* [Records to process]:
= Beginning of Section =
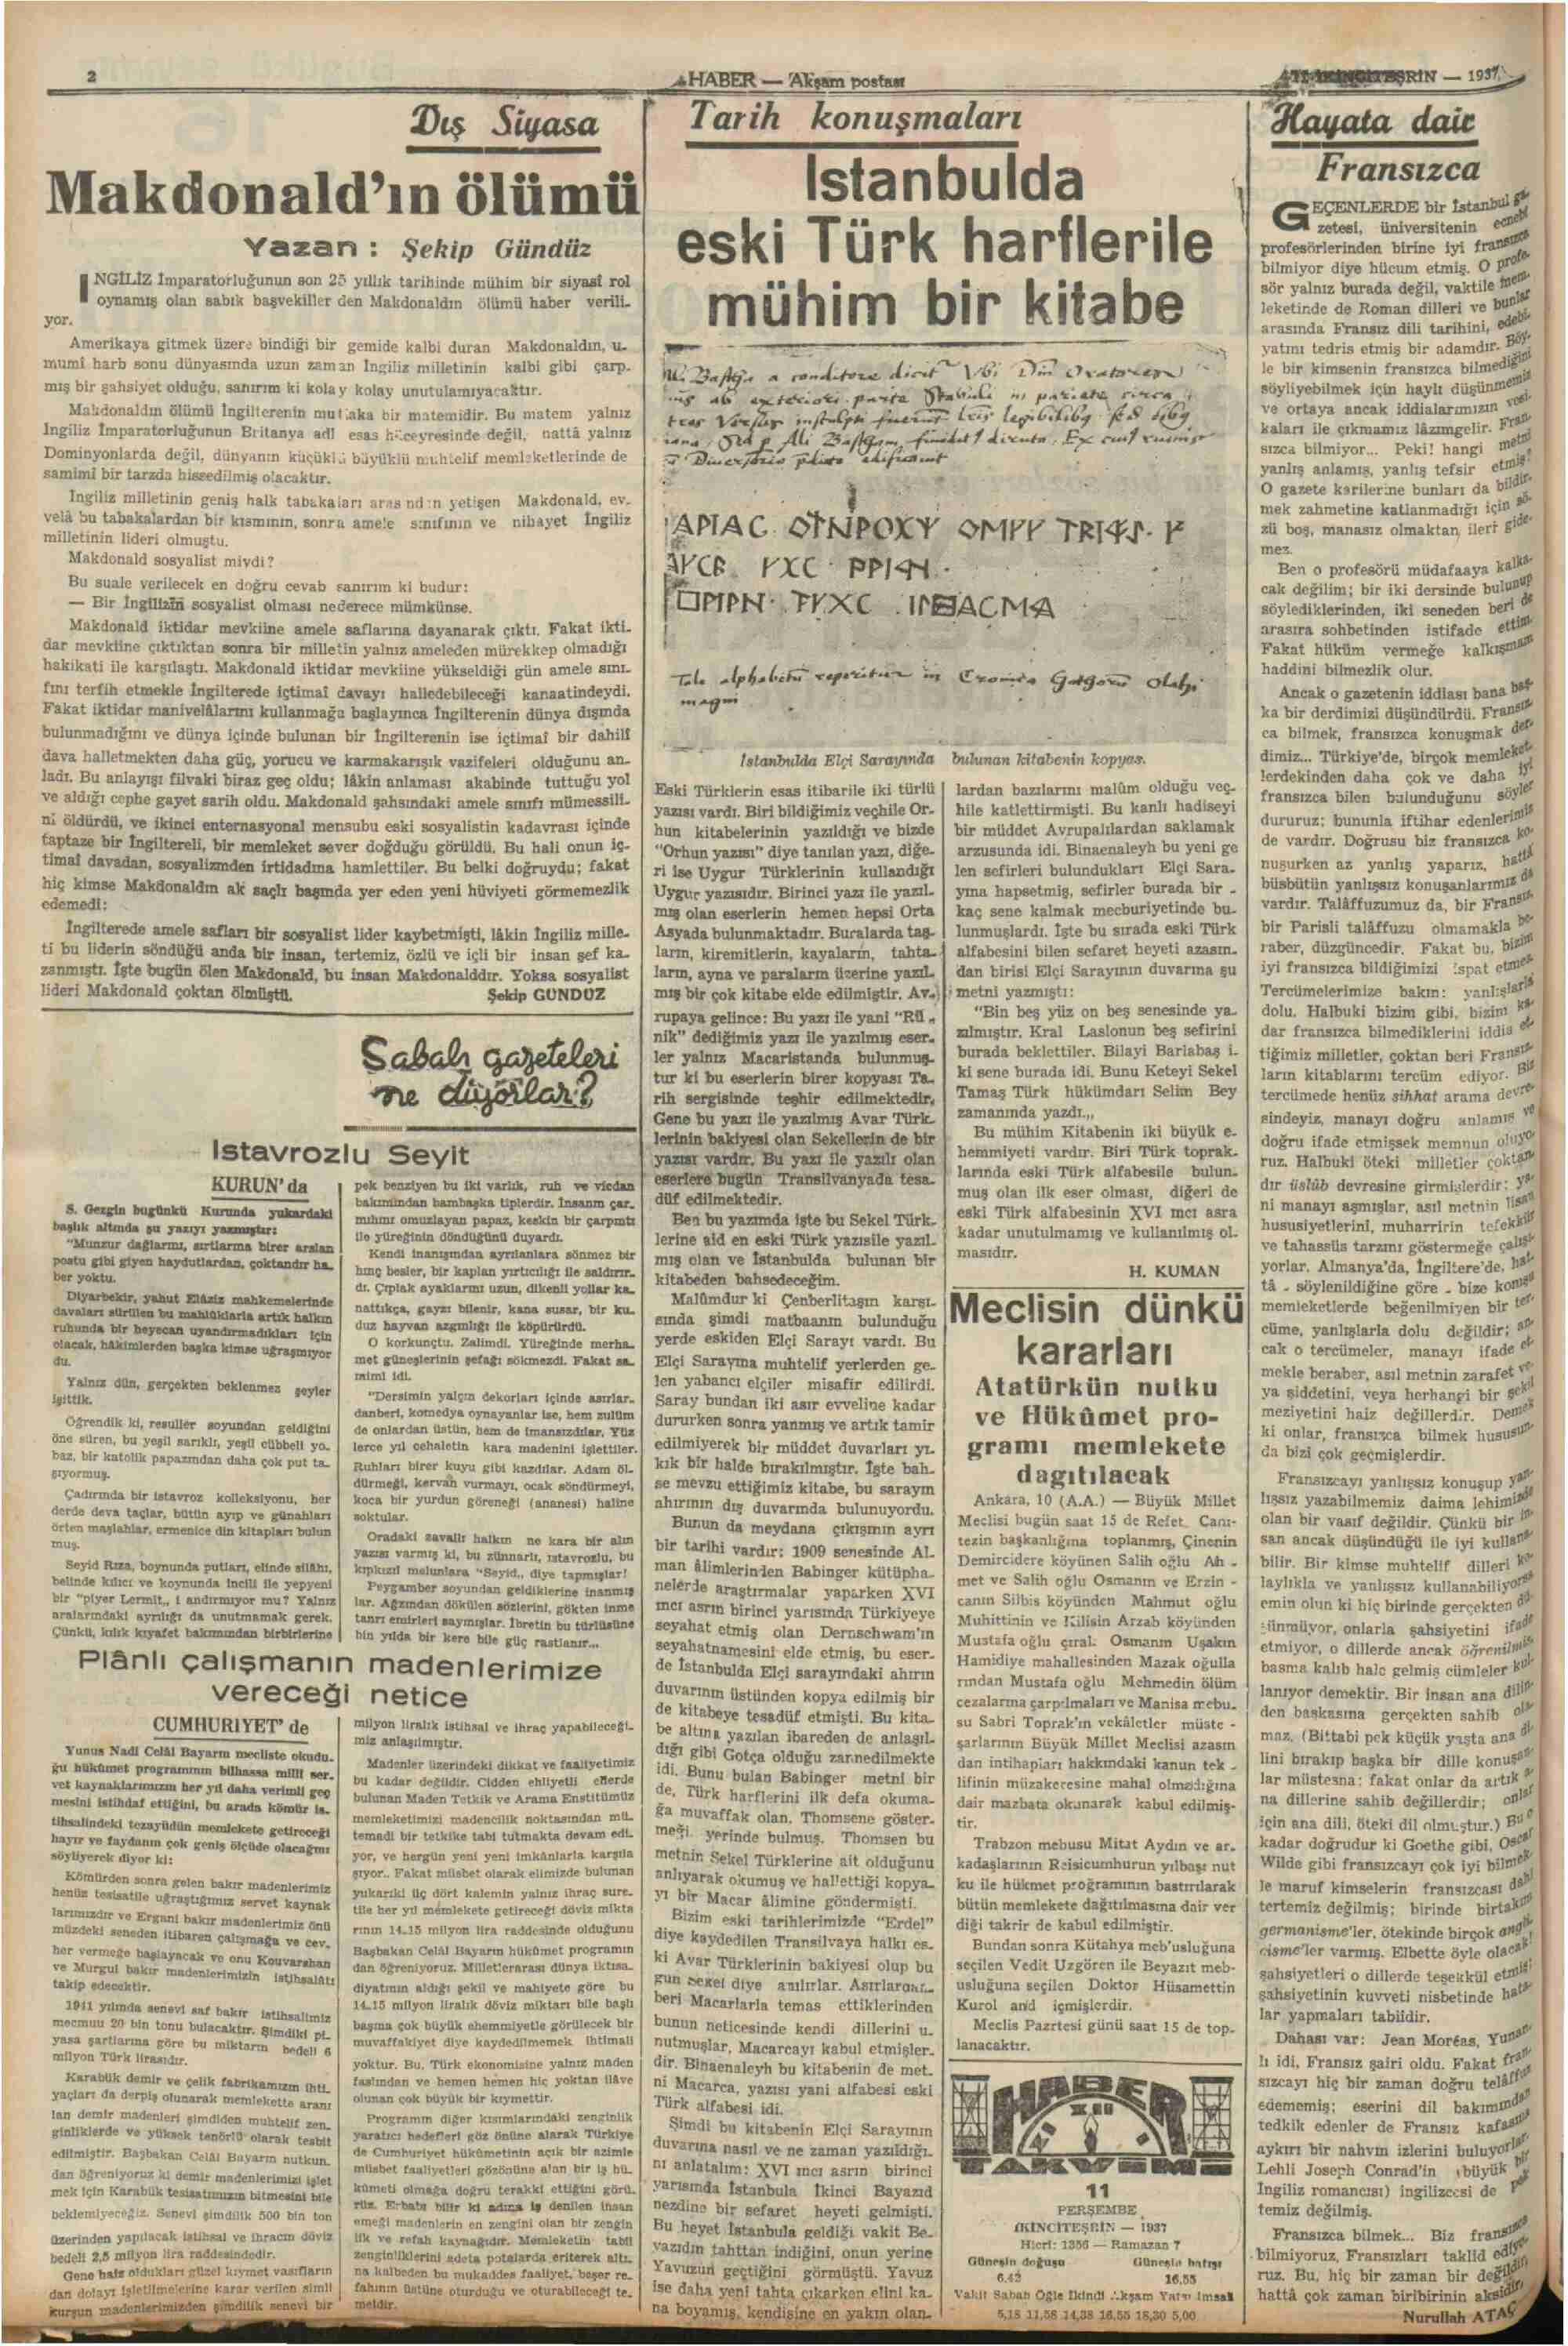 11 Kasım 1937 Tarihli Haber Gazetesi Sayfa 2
= End of Section =
= Beginning of Section =
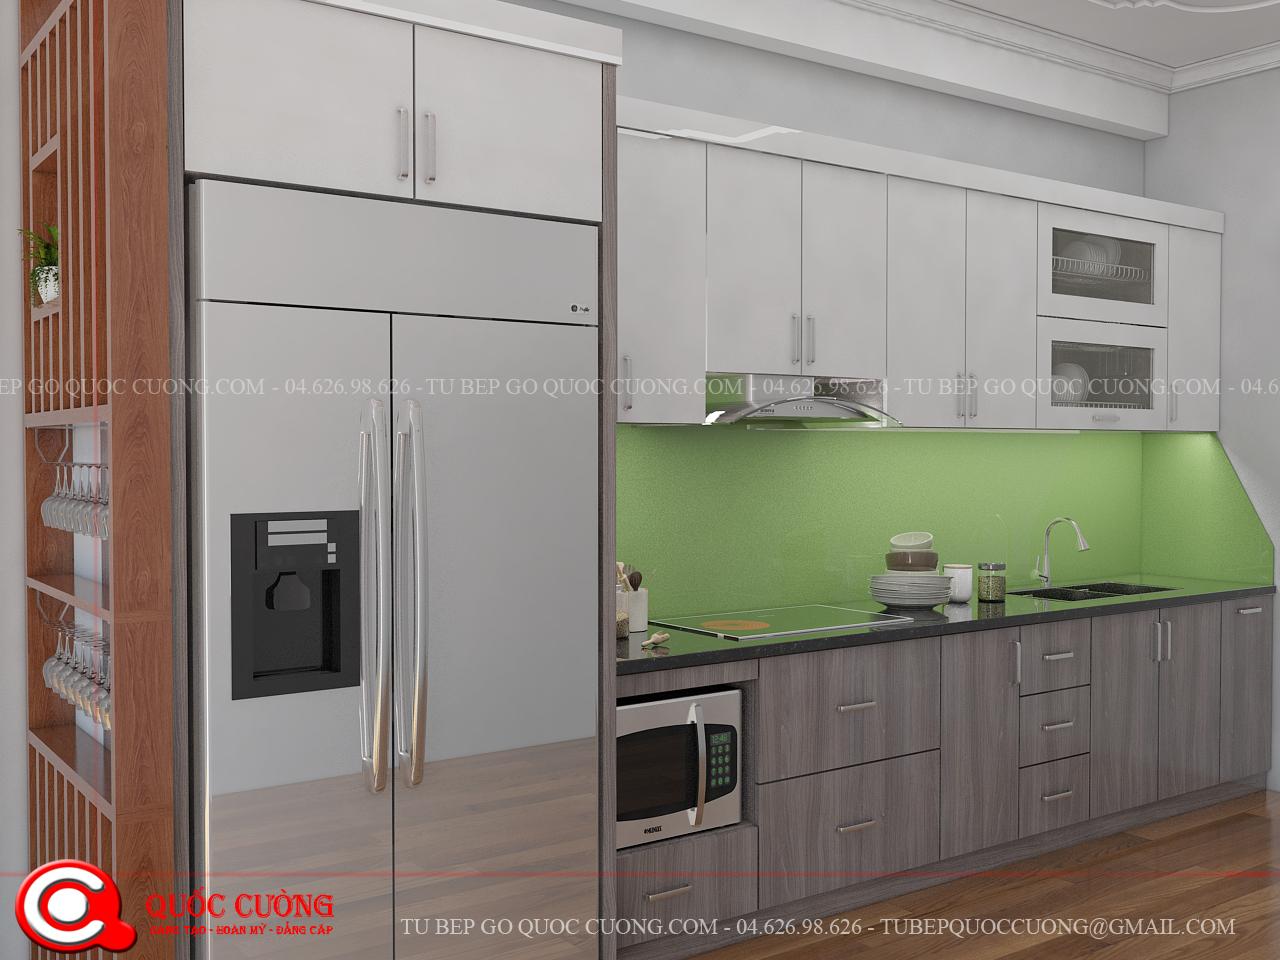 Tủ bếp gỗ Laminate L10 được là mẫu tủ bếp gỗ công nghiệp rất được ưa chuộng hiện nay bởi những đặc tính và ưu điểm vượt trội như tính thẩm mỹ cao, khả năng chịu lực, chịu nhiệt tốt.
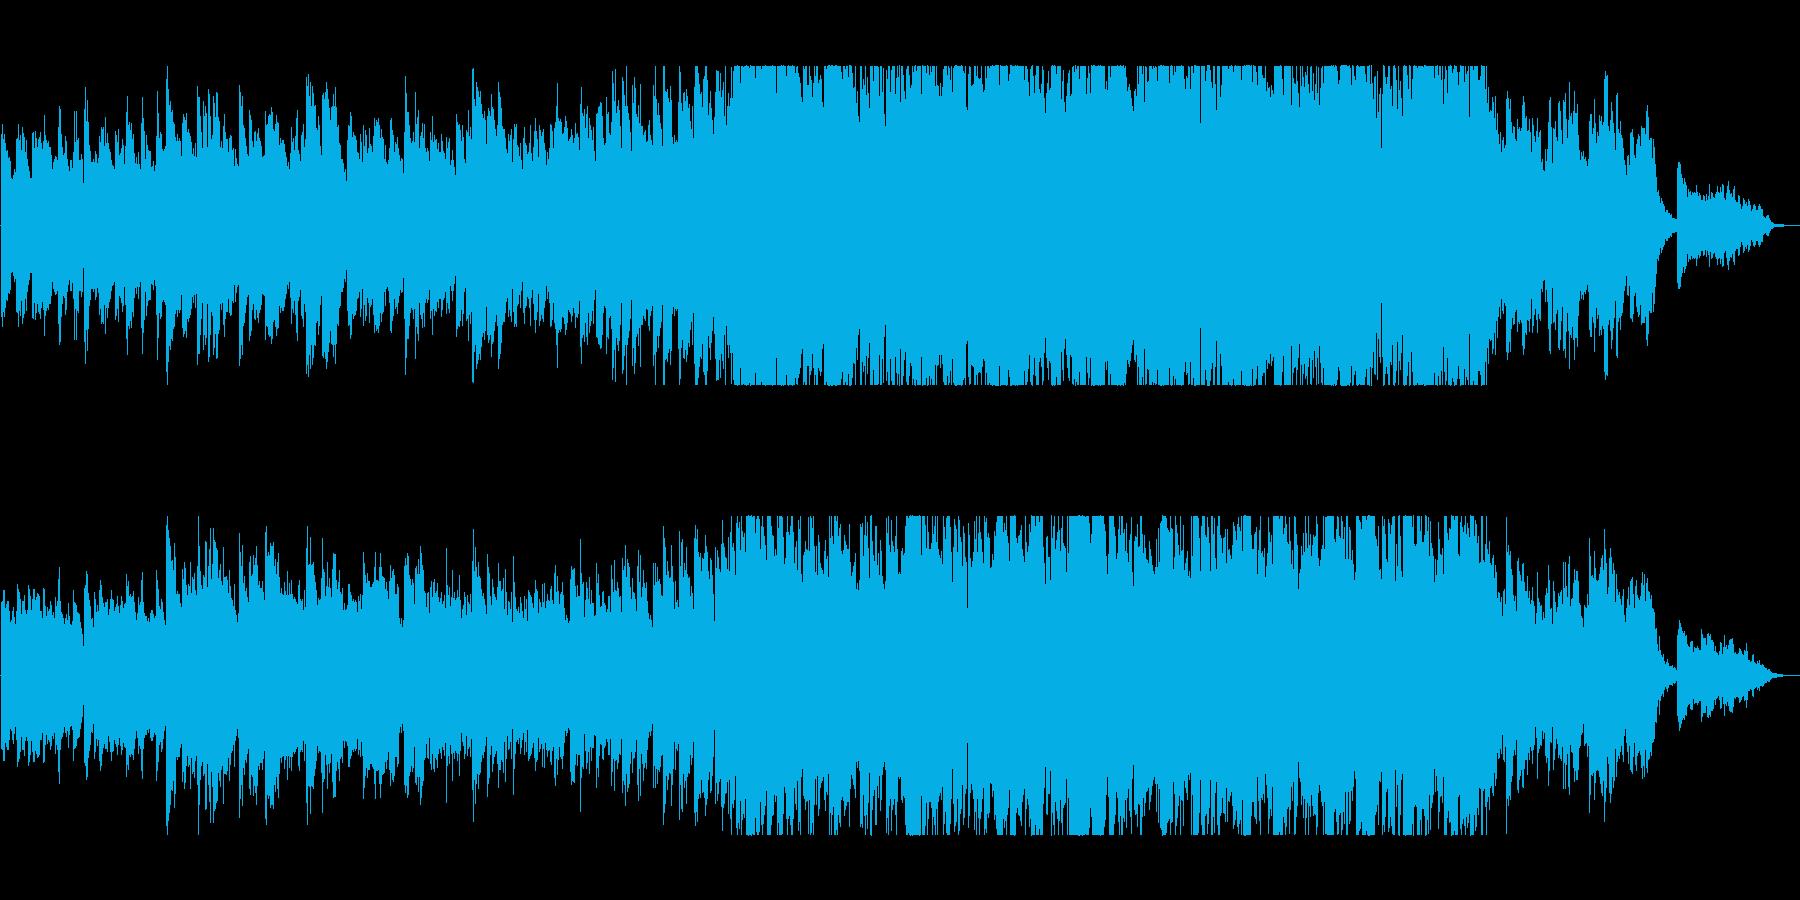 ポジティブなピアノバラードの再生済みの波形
= End of Section =
* [Your task]: From the records above, copy exactly the stretch from the line holding "Tủ bếp gỗ Laminate" through the line holding "ポジティブなピアノバラードの再生済みの波形", both ends included, without the pictures.

* [Written response]:
 Tủ bếp gỗ Laminate L10 được là mẫu tủ bếp gỗ công nghiệp rất được ưa chuộng hiện nay bởi những đặc tính và ưu điểm vượt trội như tính thẩm mỹ cao, khả năng chịu lực, chịu nhiệt tốt.
 ポジティブなピアノバラードの再生済みの波形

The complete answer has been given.